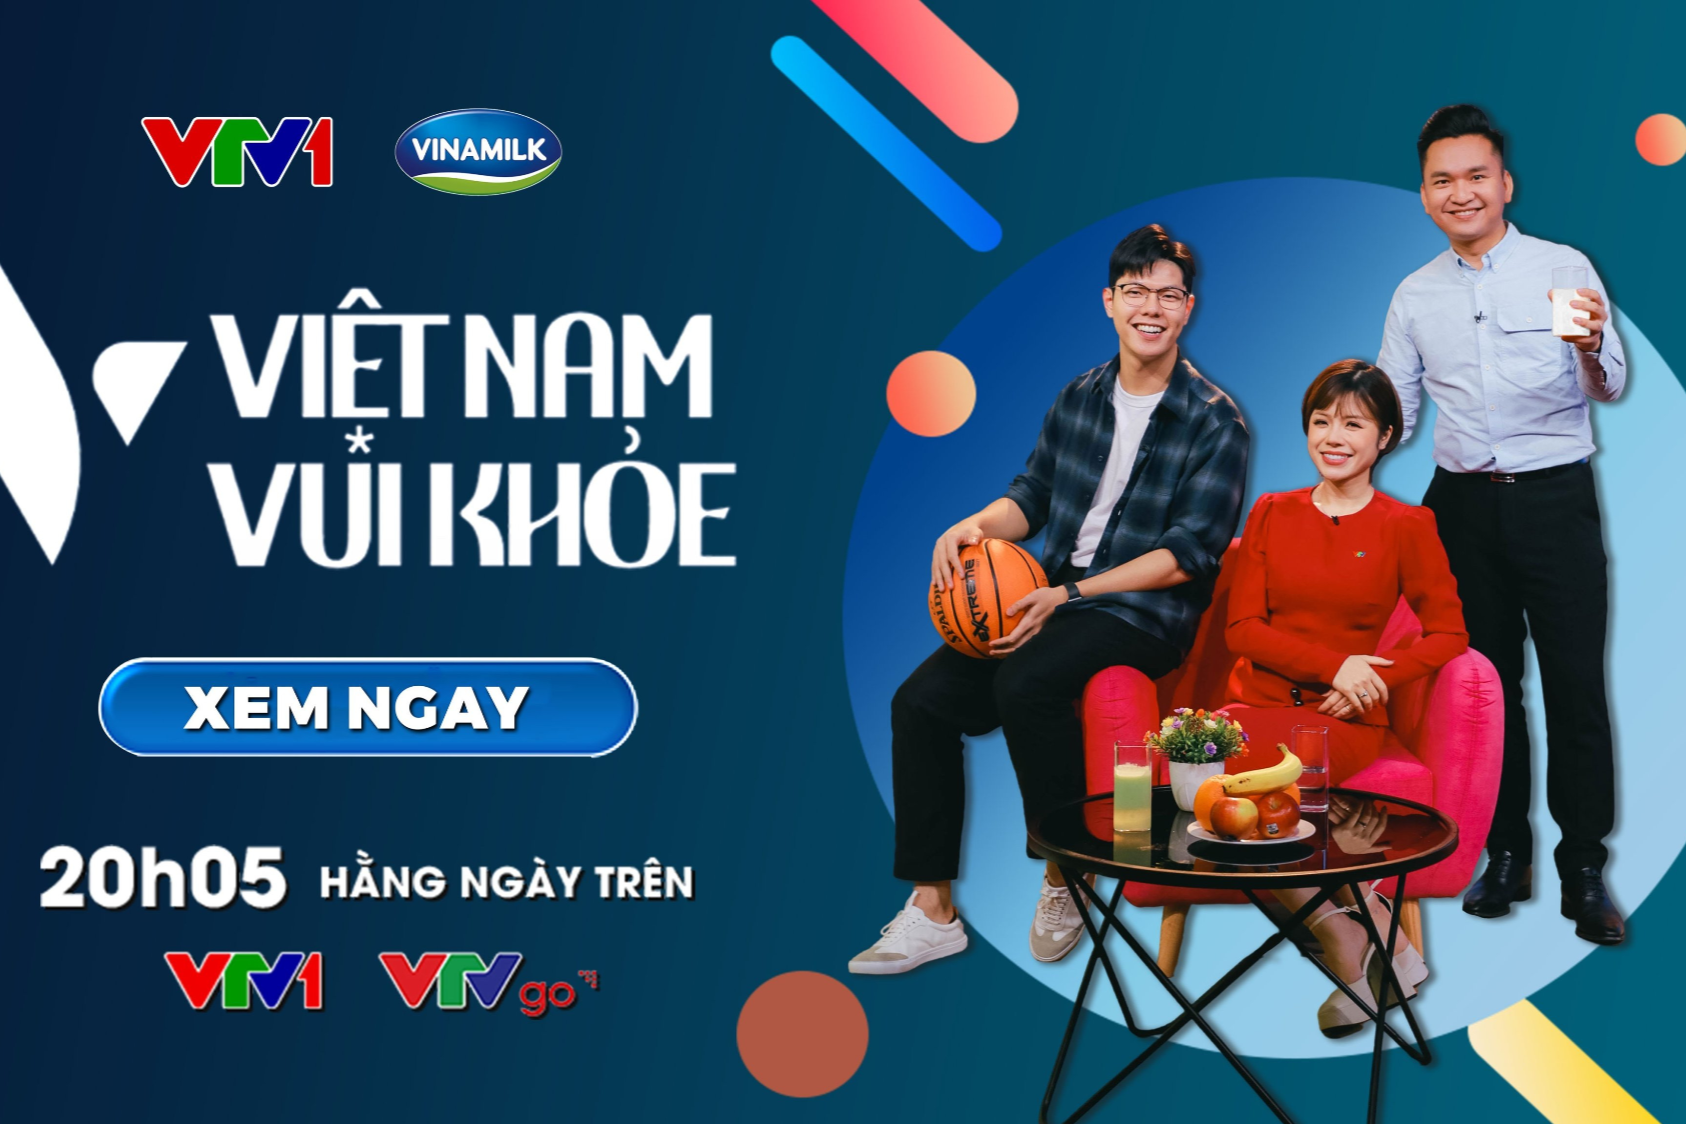 3 điểm nhấn tạo sức hút của chương trình ‘Việt Nam vui khỏe’
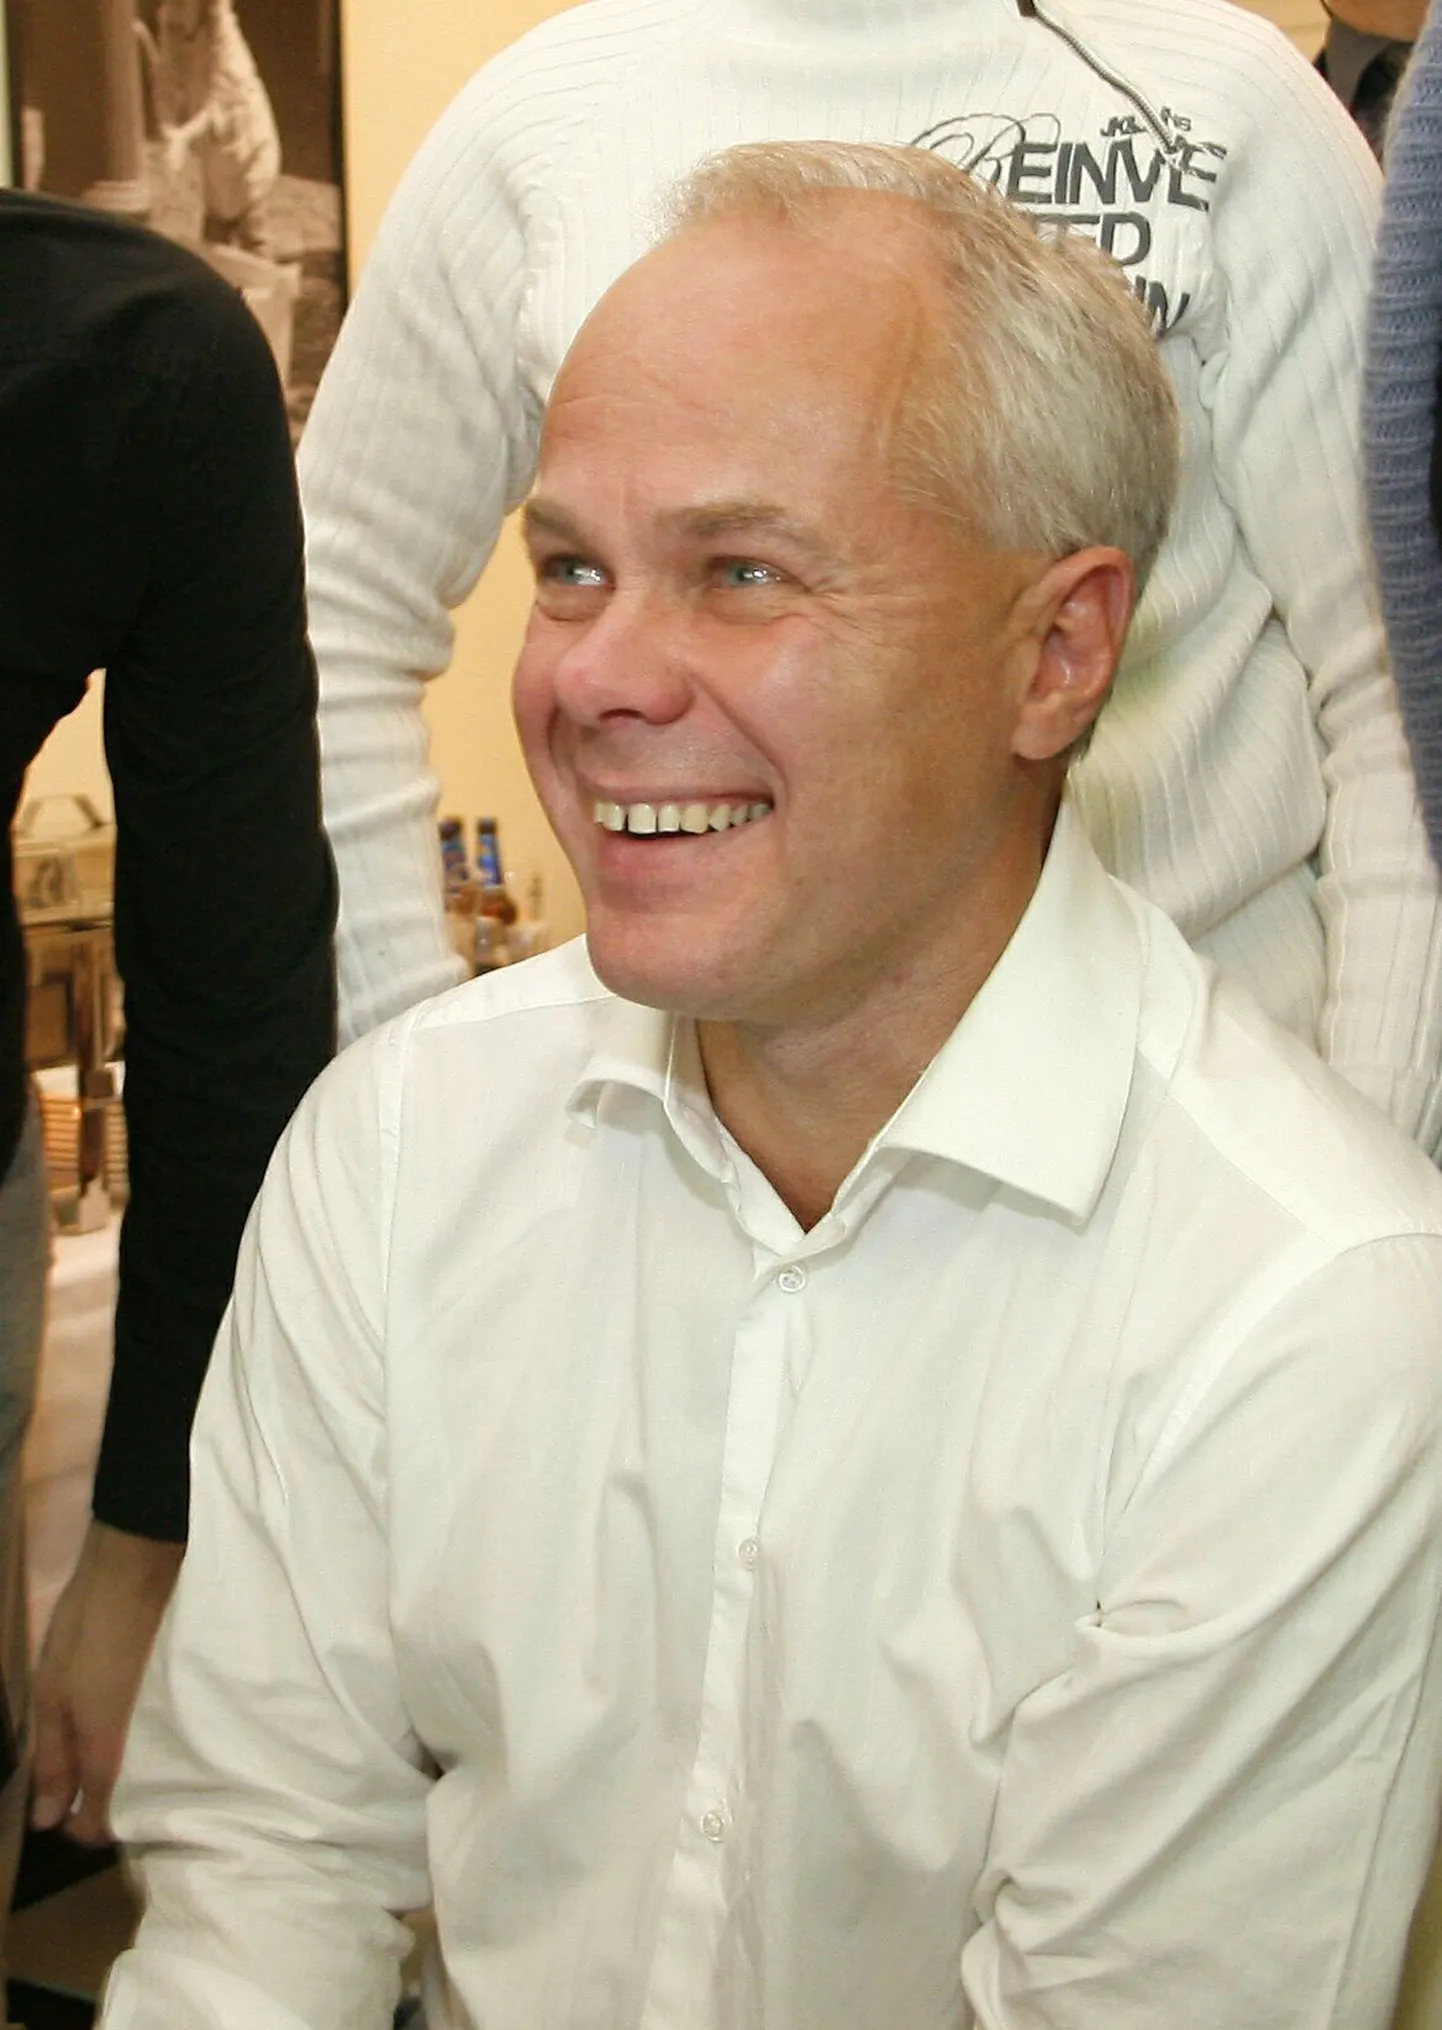 Enim hääli kogus Pärnus Toomas Kivimägi.
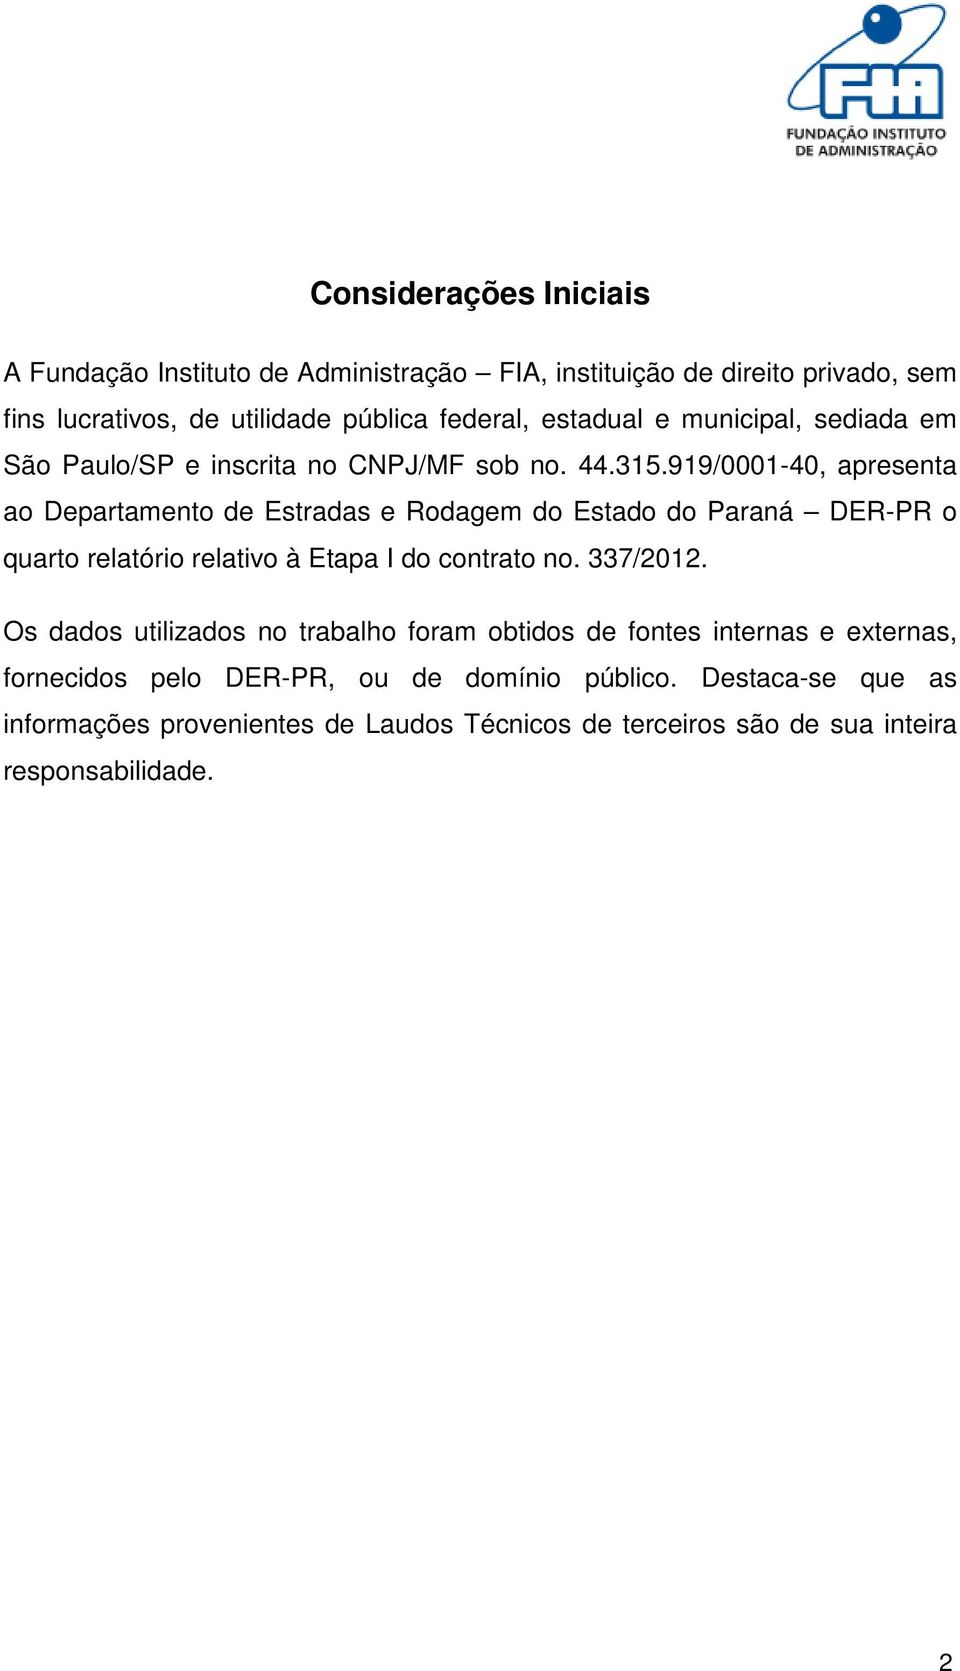 919/0001-40, apresenta ao Departamento de Estradas e Rodagem do Estado do Paraná DER-PR o quarto relatório relativo à Etapa I do contrato no. 337/2012.
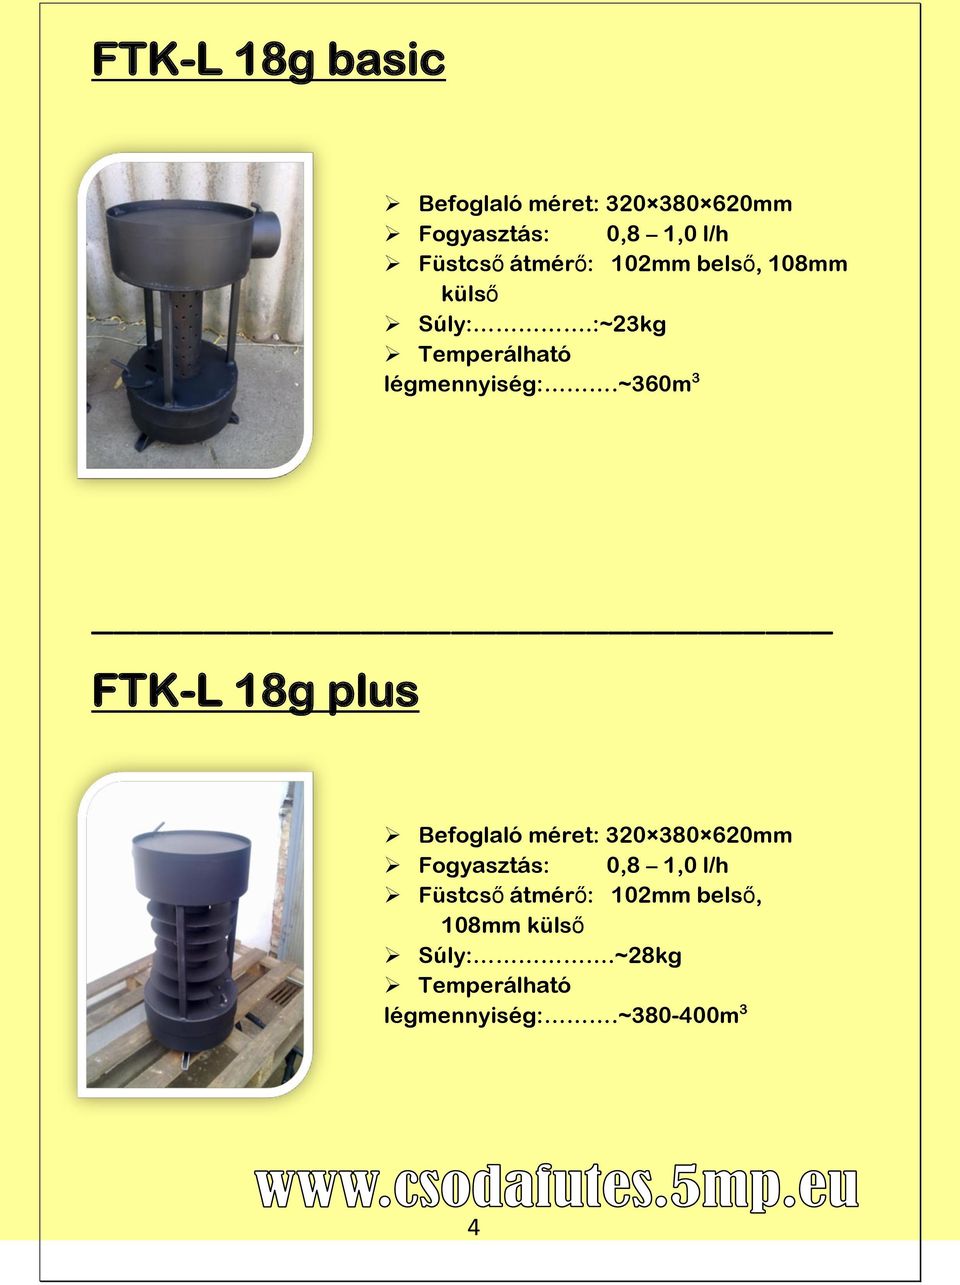 ~360m 3 FTK-L 18g plus Befoglaló méret: 320 380 620mm Fogyasztás: 0,8 1,0

> _TASK TO COMPLETE_
Whenever images occur above, omit them and retype each line exactly as it stands.

> _SOLUTION TO THE EXERCISE_
 3 điểm nhấn tạo sức hút của chương trình ‘Việt Nam vui khỏe’
 Enim hääli kogus Pärnus Toomas Kivimägi.
 919/0001-40, apresenta ao Departamento de Estradas e Rodagem do Estado do Paraná DER-PR o quarto relatório relativo à Etapa I do contrato no. 337/2012.
 ~360m 3 FTK-L 18g plus Befoglaló méret: 320 380 620mm Fogyasztás: 0,8 1,0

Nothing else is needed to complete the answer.